Изменить стиль страницы

Вокруг этой личности воздух аж пульсирует от почтения окружающих. Небось, местный серый кардинал. С ним надо быть очень осторожным и очень убедительным.

— Давайте ублюдка. — Дубина протягивает руку за полутораручным мечом — bastard sword* (Буквально «меч-ублюдок», рукоять которого можно было держать и одной, и двумя руками, был легче двуручного и тяжелее одноручного меча — прим. авт.), легкий, изящный, ничем не заслуживший свое обидное прозвище. Геркулесу незачем брать его обеими руками, он и бастардом действует так же, как гладиусом. На сей раз кандидат в палачи для благородных перерубает чучело посередине, демонстрируя его искусственные потроха, разъятые, как на картинке в анатомическом атласе. Капец учебному пособию.
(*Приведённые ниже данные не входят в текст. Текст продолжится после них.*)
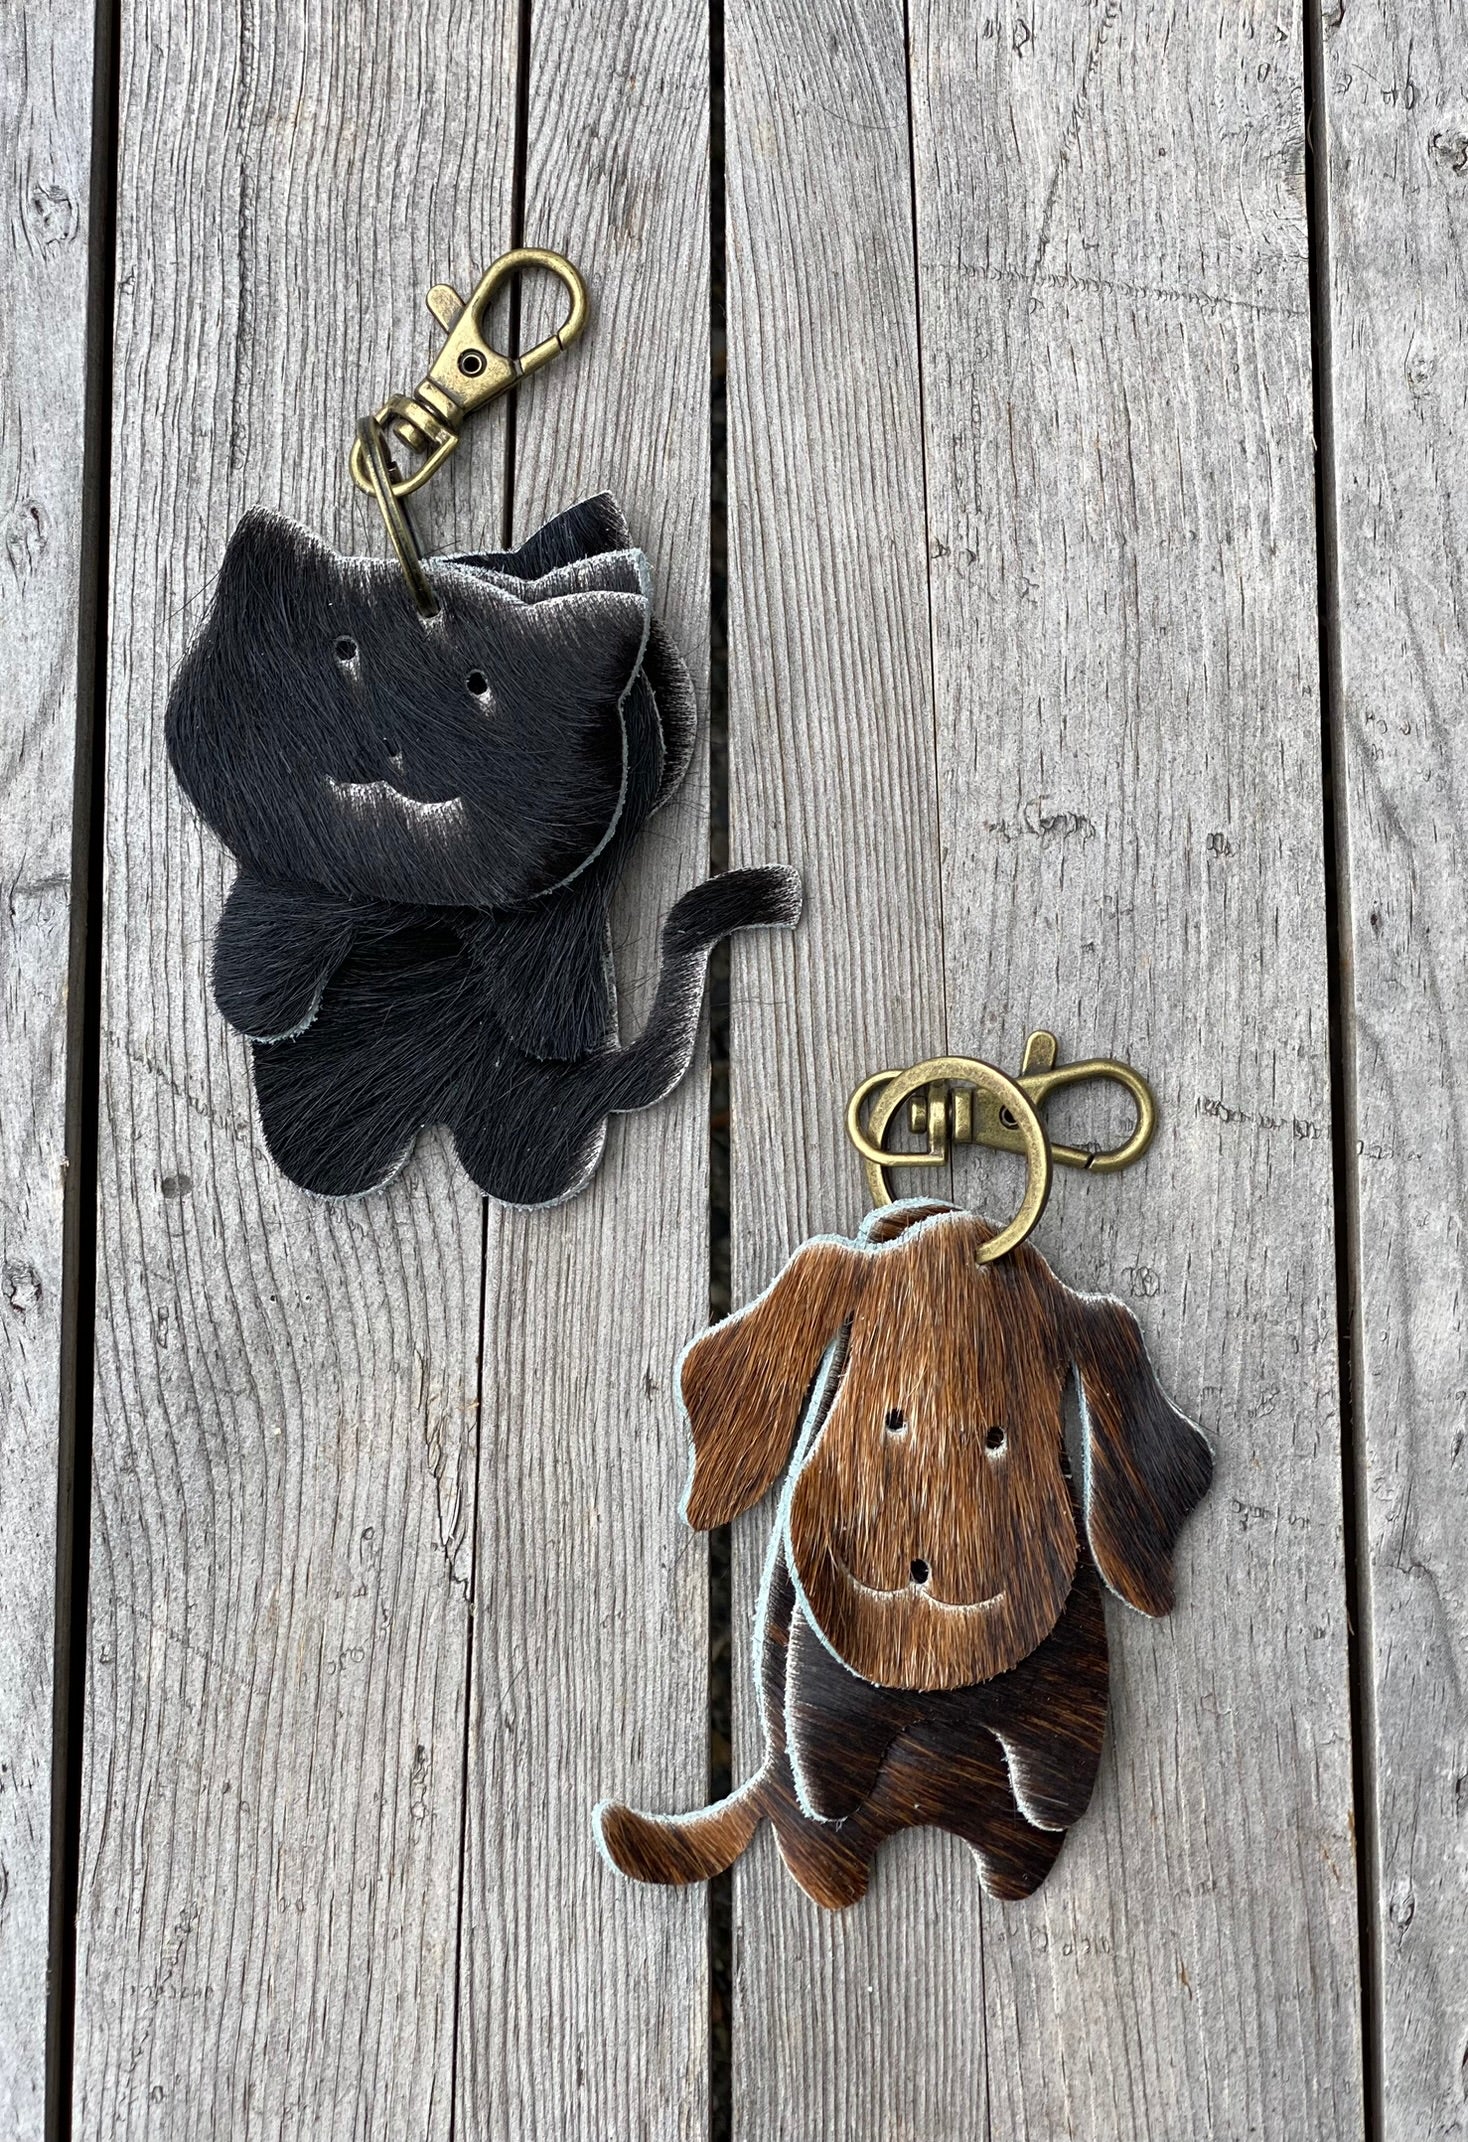 Hair on Cowhide Dog or Cat Keyring Purse Charm, Bag Clip on Dog or Cat Fob, Cute Dog or Cat Lovers Accessory

— Хорошо. А она, — палец упирается в меня, — тебе кто?

Что ж, отсидеться в тени Геркулеса, играя роль няньки-мамки, не получится. Если я тут не нужна, меня выкинут вон, посторонним во дворце не место. А Дубина один не справится. Все-таки он очень хороший… исполнитель.

И я делаю единственное, что остается: перепрыгиваю через головы "сопровождающих лиц", словно ангел мщения в костюме байкера. Оказавшись за спиной фигуры в плаще, аккуратно прихватываю высокую особу за шею и подношу к ее глазу острие мизерикордии* (Узкий стилет для добивания раненых с трехгранным или четырехгранным лезвием — прим. авт.). Конечно, можно и к шее поднести, но к глазу — эффектнее. Мысль о человеке, который стоит ПОЗАДИ тебя и может ненароком вздрогнуть… Эта мысль заставляет быть чрезвычайно покладистым. Чрезвычайно.

— А я, госпожа, его няня. И твоя новая охранница. Потому что хреновая у тебя охрана, госпожа. С такой охраной никаких палачей не хватит — покушения были и будут… — Я аккуратно отодвигаю стилет и отпускаю шею заложницы. Оказавшись рядом, легко понять, что это — женщина. Небось, приближенное лицо правительницы. Нашей Корди, нашей овечки Корди.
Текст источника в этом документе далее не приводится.